At issue are two laws passed this spring that are set to take effect July 1, limiting the size of the of ammunition magazines to 15 rounds and expanding background checks to private and online firearm sales.
The lawsuit involves sheriffs from 54 of the state's 64 counties, and most represent rural, gun-friendly areas of the state where they were elected. They said it was their duty to uphold the U.S. Constitution.
"We each took an oath. The line in the sand has been drawn, and we will stand united," said El Paso County Sheriff Terry Maketa.
In contrast to the sheriffs filing suit, the Colorado Association of Chiefs of Police supported the bills, calling them "common-sense approaches" to protect the public "while not taking guns from law-abiding citizens in any way."
The sheriffs argue the laws have many flaws that will make it nearly impossible for citizens to comply, and they insist the measures won't improve public safety but will restrict the rights of law-abiding citizens.

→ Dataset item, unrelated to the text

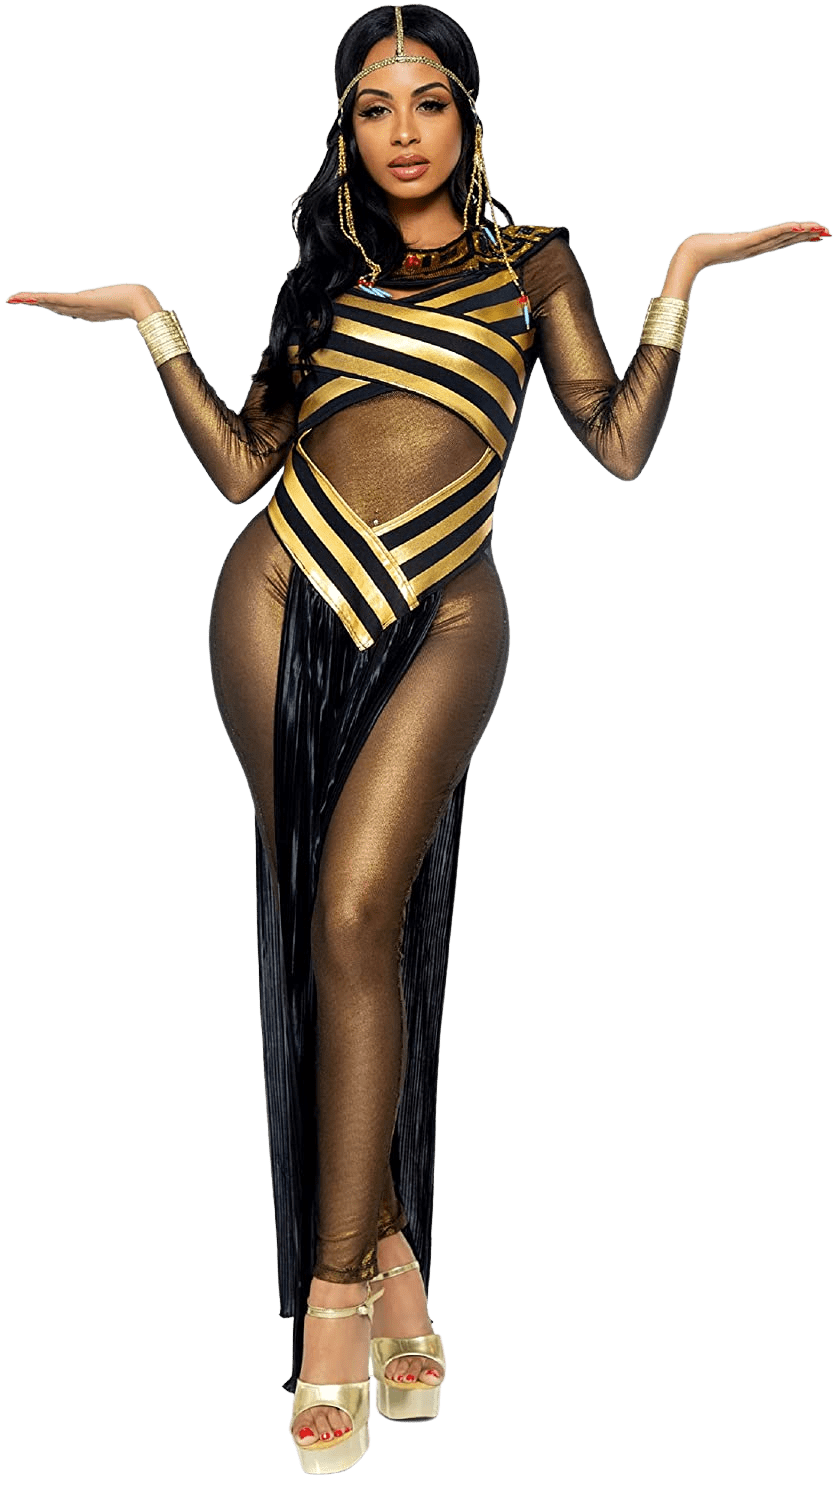 Leg Avenue Women's Queen Cleopatra Costume | Decor Gifts and More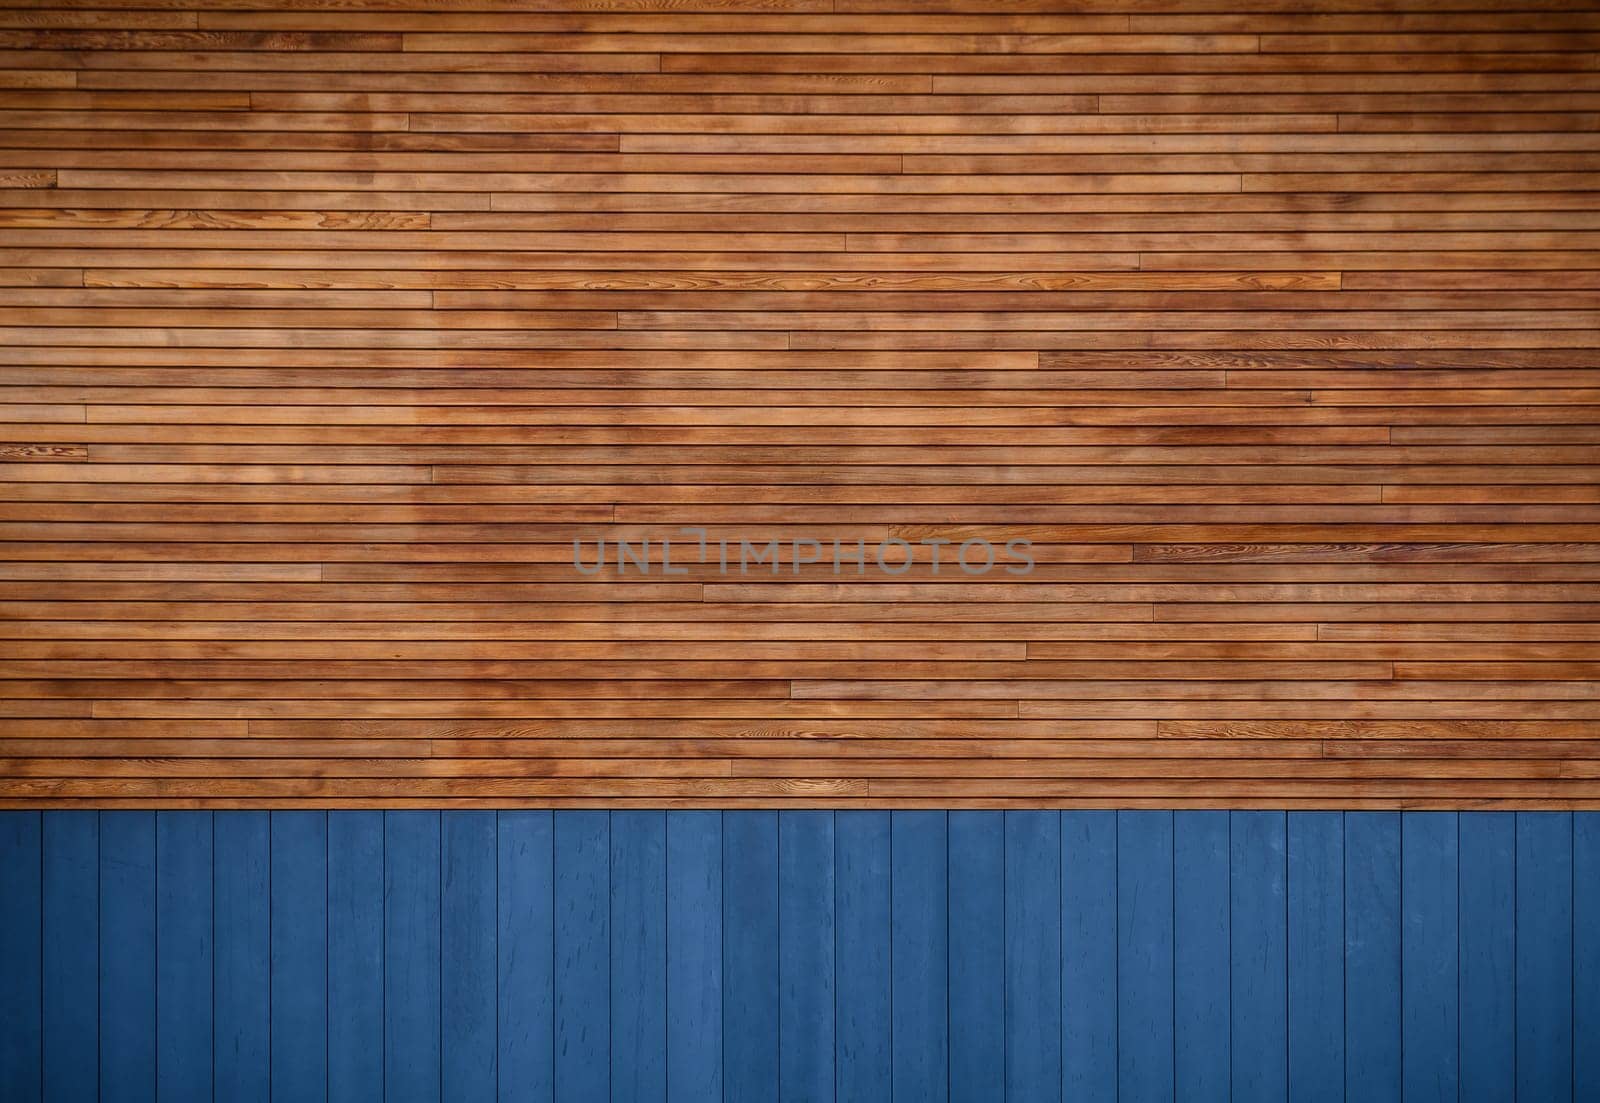 blue metal siding and wooden boards on the facade as a background 2 by Mixa74

Colorado lawmakers passed the new gun restrictions in reaction to mass shootings at a suburban Denver movie theater last summer, where 12 people were killed and dozens more injured, and the massacre at an elementary school in Newtown, Conn. The debate over gun control was one of the most emotionally charged issues of the legislative session, with dozens of hours of debate and the White House playing close attention.
Relatives of victims of the Colorado shooting criticized the sheriffs for filing the lawsuit and accused them of playing politics.
"As a parent who lost my son Alex at the Aurora theater shooting, I ask these people to put themselves in my place," Tom Sullivan said in a statement. "I do not understand why these politicians are picking guns over people."
Weld County Sheriff John Cooke said he and his colleagues were "not the ones playing politics with this."
"We believe that the Legislature were the ones who were playing politics," he said.
Opponents of the new gun laws insist the language in the regulations do not provide enough clarity or safeguards to protect people from inadvertently breaking the laws. They've argued that magazines by their nature are easily converted to larger sizes, something the bill bans. They also say the expanded background checks don't provide enough exemptions for temporary transfers, and people conducting private transactions will have a difficult time getting checks through a federally licensed dealer.
Lawmakers allowed several exemptions in the background check, including exempting transfers between immediate family members, shooting events and temporary transfers of 72 hours.
Republican Attorney General John Suthers, who's responsible for defending the state in the lawsuit, issued a statement Friday giving guidance to law enforcement on how the new magazine limit should be enforced. He said magazine features "must be judged objectively" and that magazines that hold 15 rounds or fewer can't be defined as "large capacity" simply because it can be modified to include more.